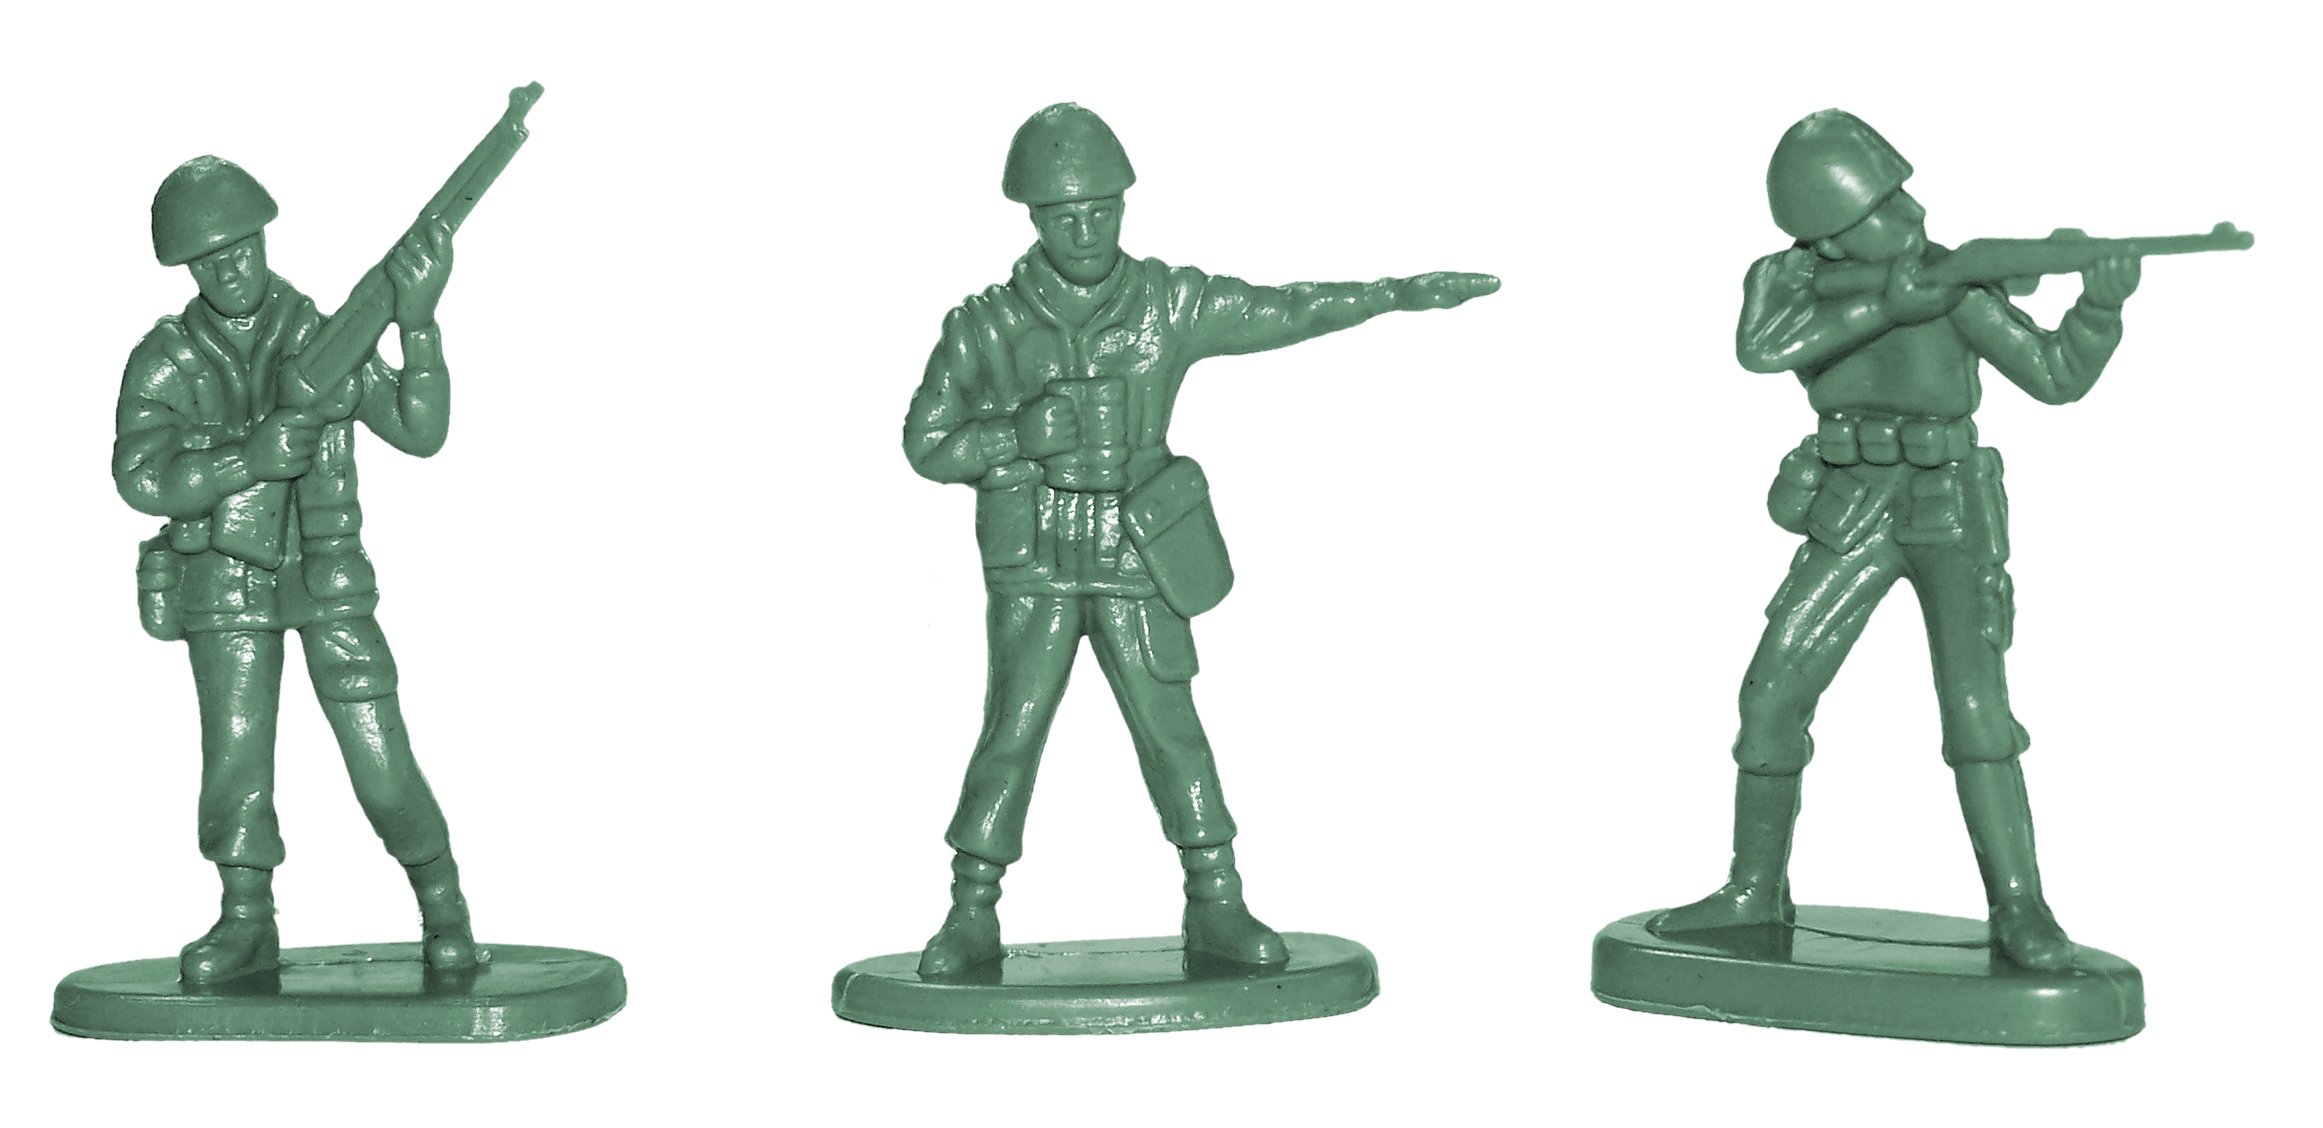 Mini Green Toy Soldiers U.S. Army Men Play War Kids Toys Boys
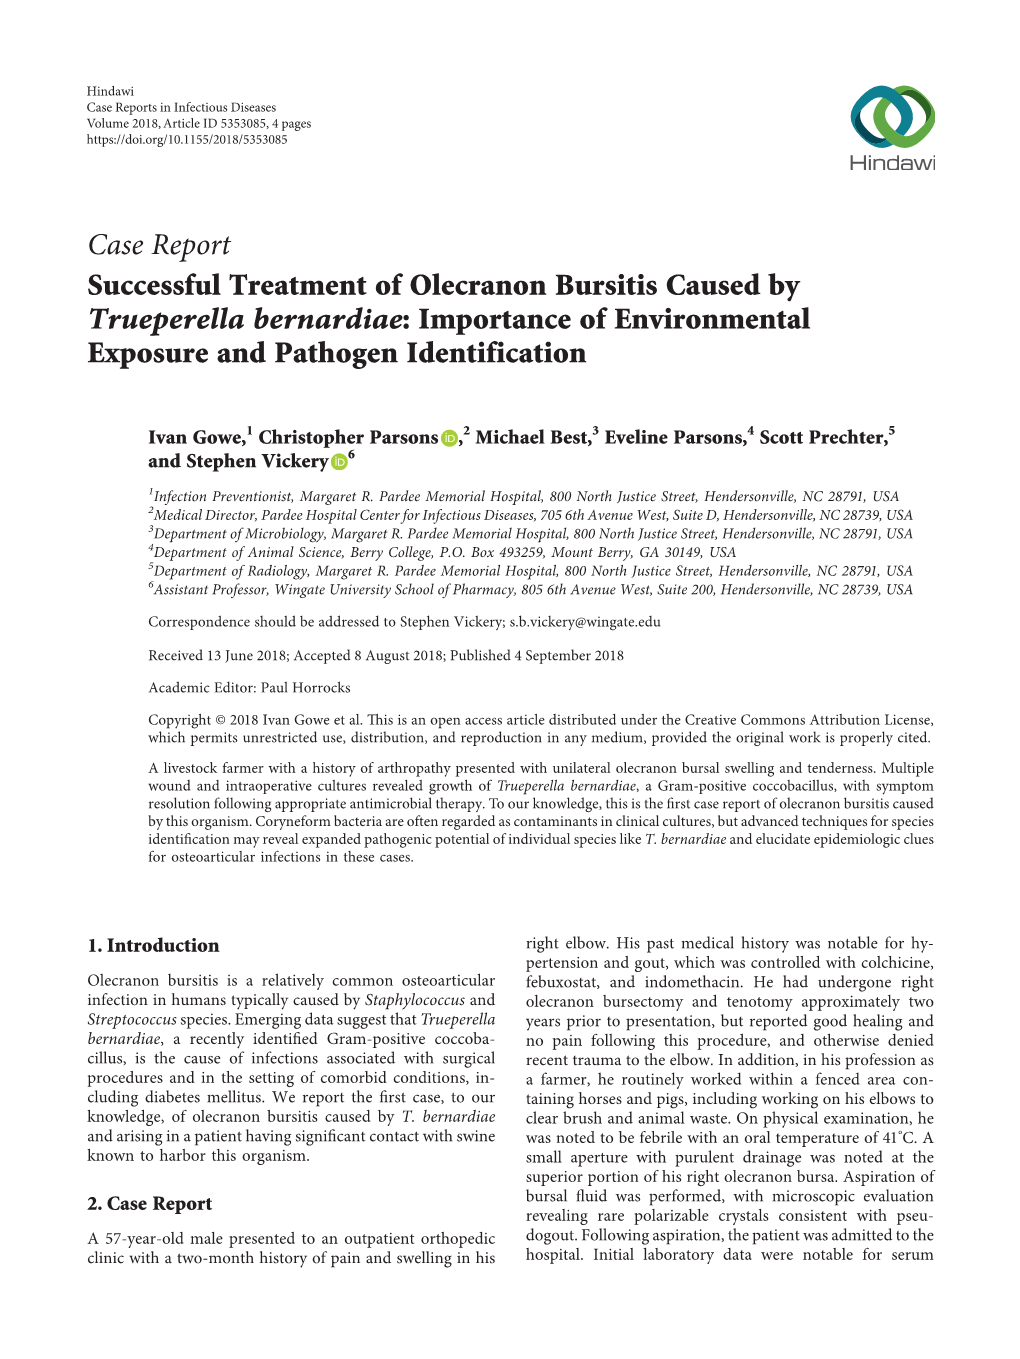 Successful Treatment of Olecranon Bursitis Caused by Trueperella Bernardiae: Importance of Environmental Exposure and Pathogen Identification
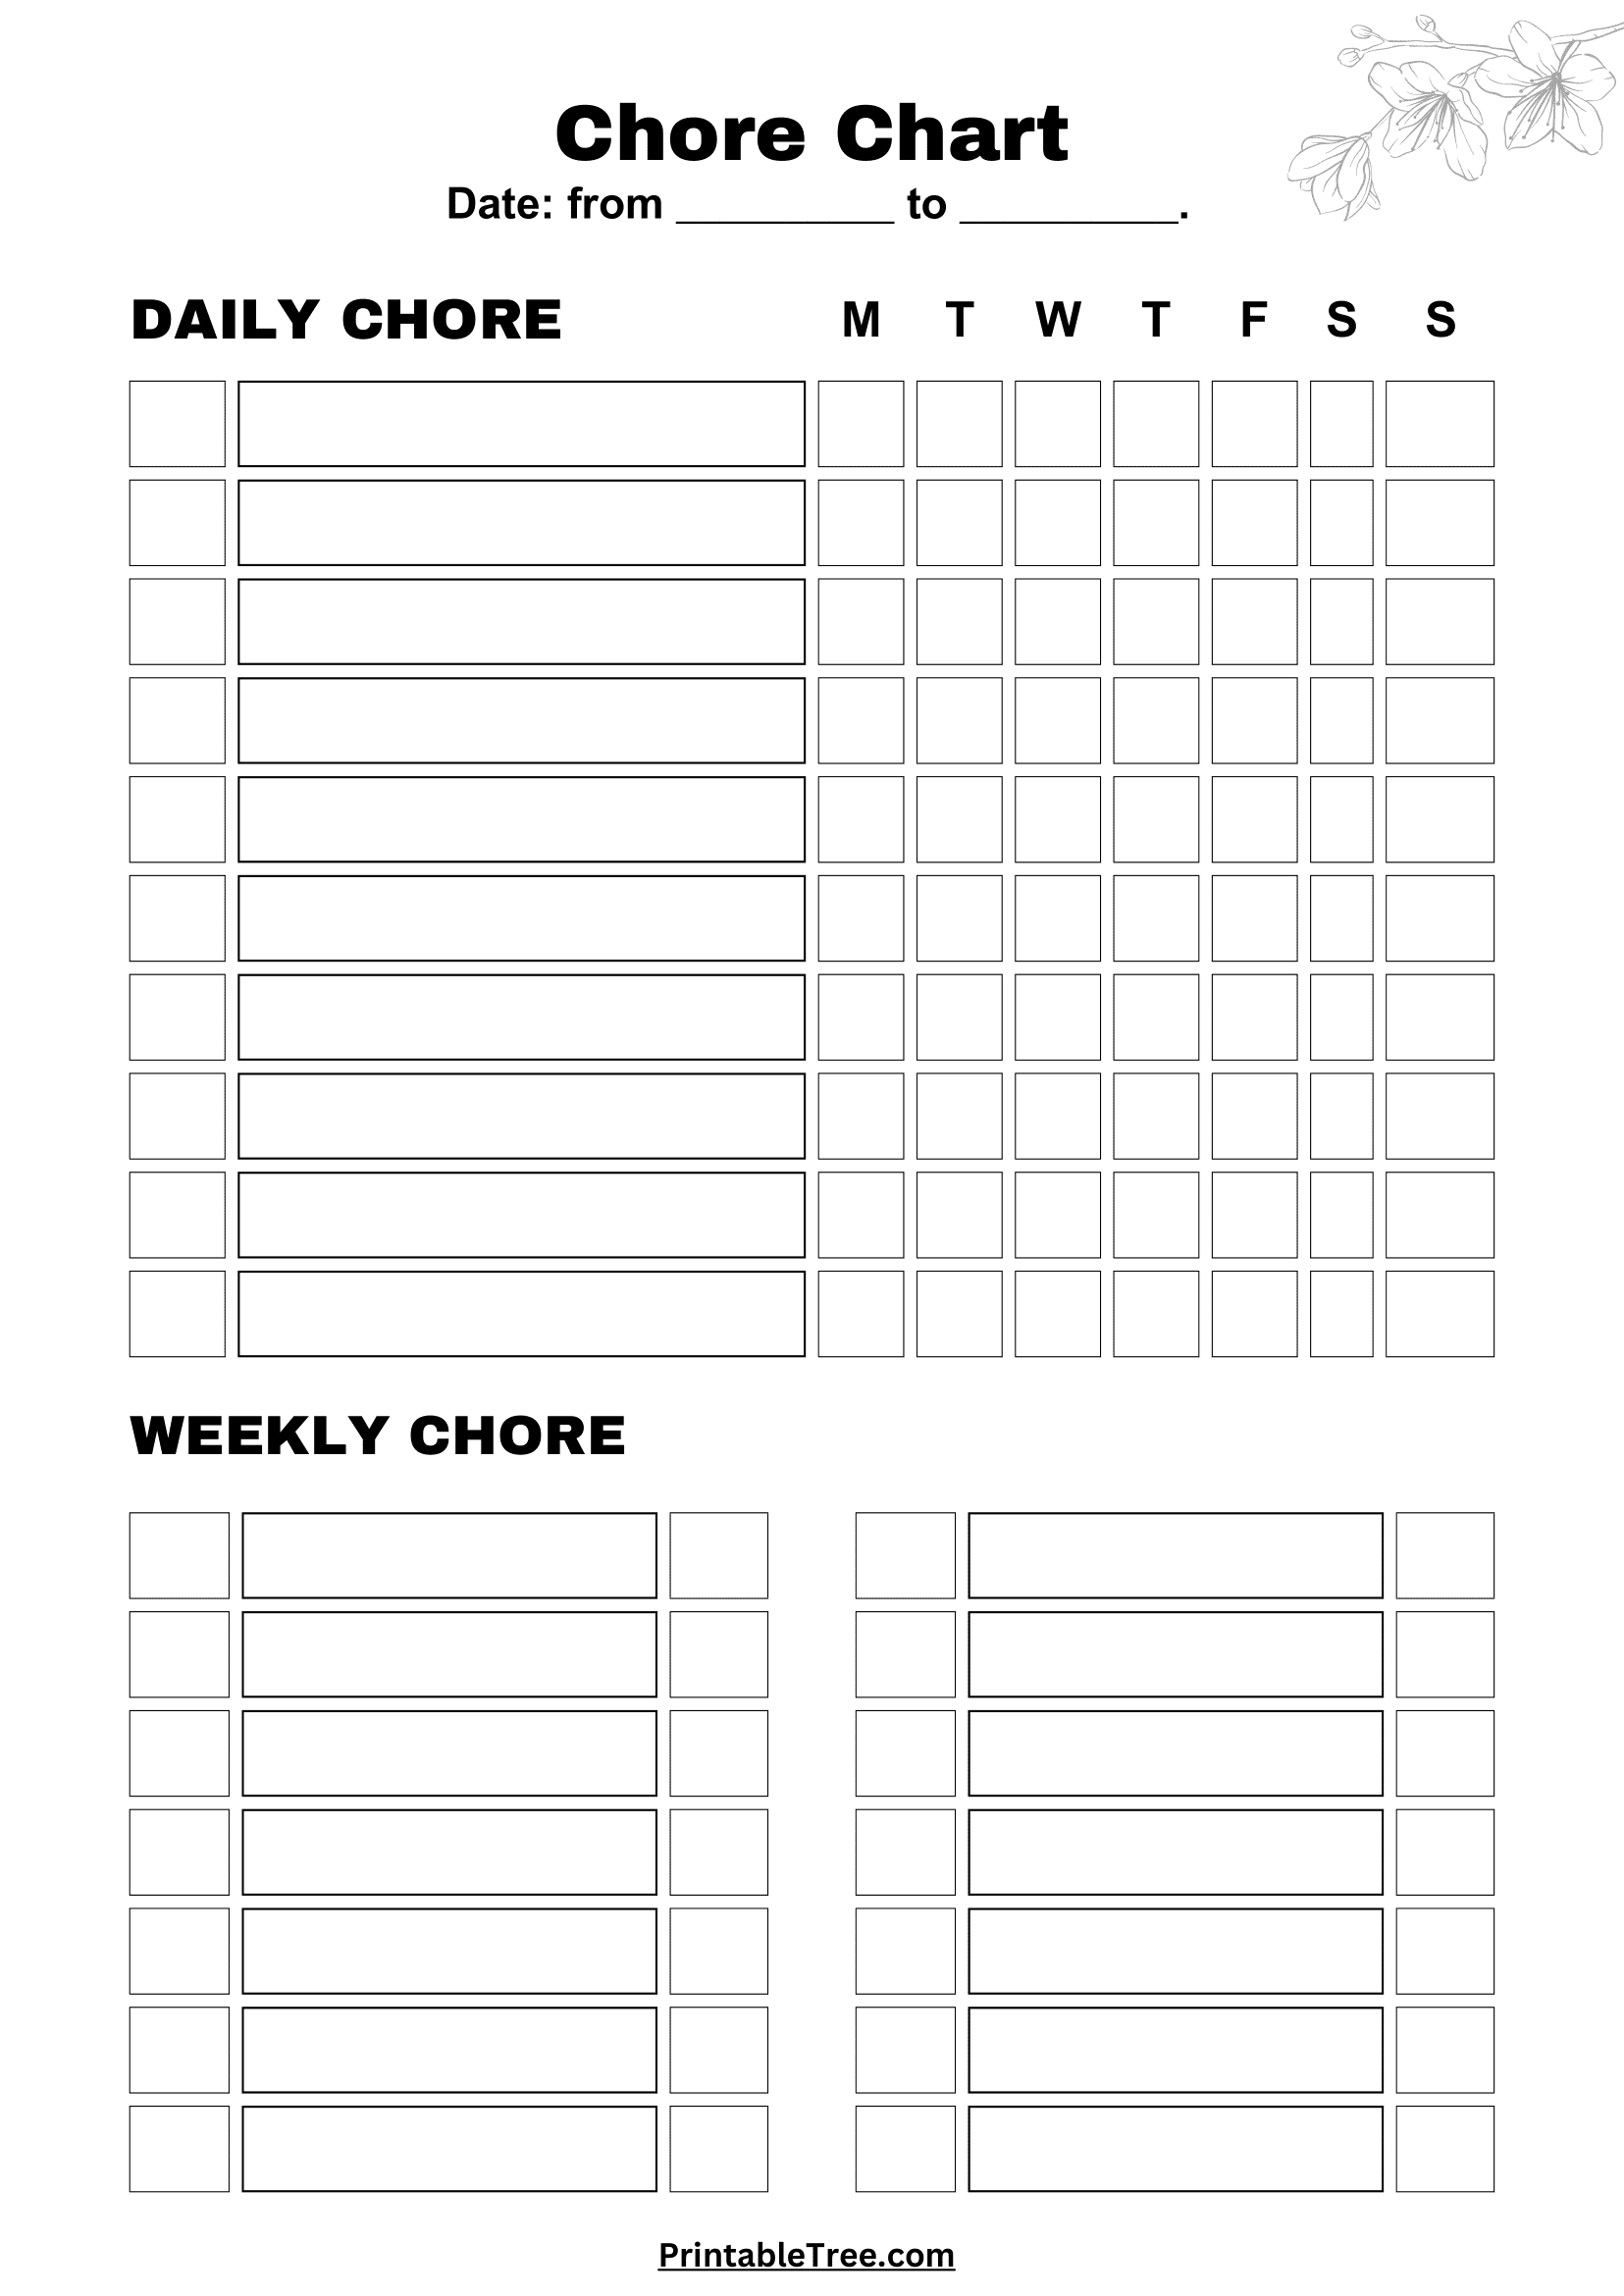 Free Printable Chore Chart PDF Template For Kids - Free Printable Chore List

## ACTIVITY
Everything from the line that contains "Successful Treatment of" to the final line of the data is to be duplicated exactly, both ends included, except the pictures.

## EXERCISE RESPONSE
 Successful Treatment of Olecranon Bursitis Caused by Trueperella Bernardiae: Importance of Environmental Exposure and Pathogen Identification
 Free Printable Chore Chart PDF Template For Kids - Free Printable Chore List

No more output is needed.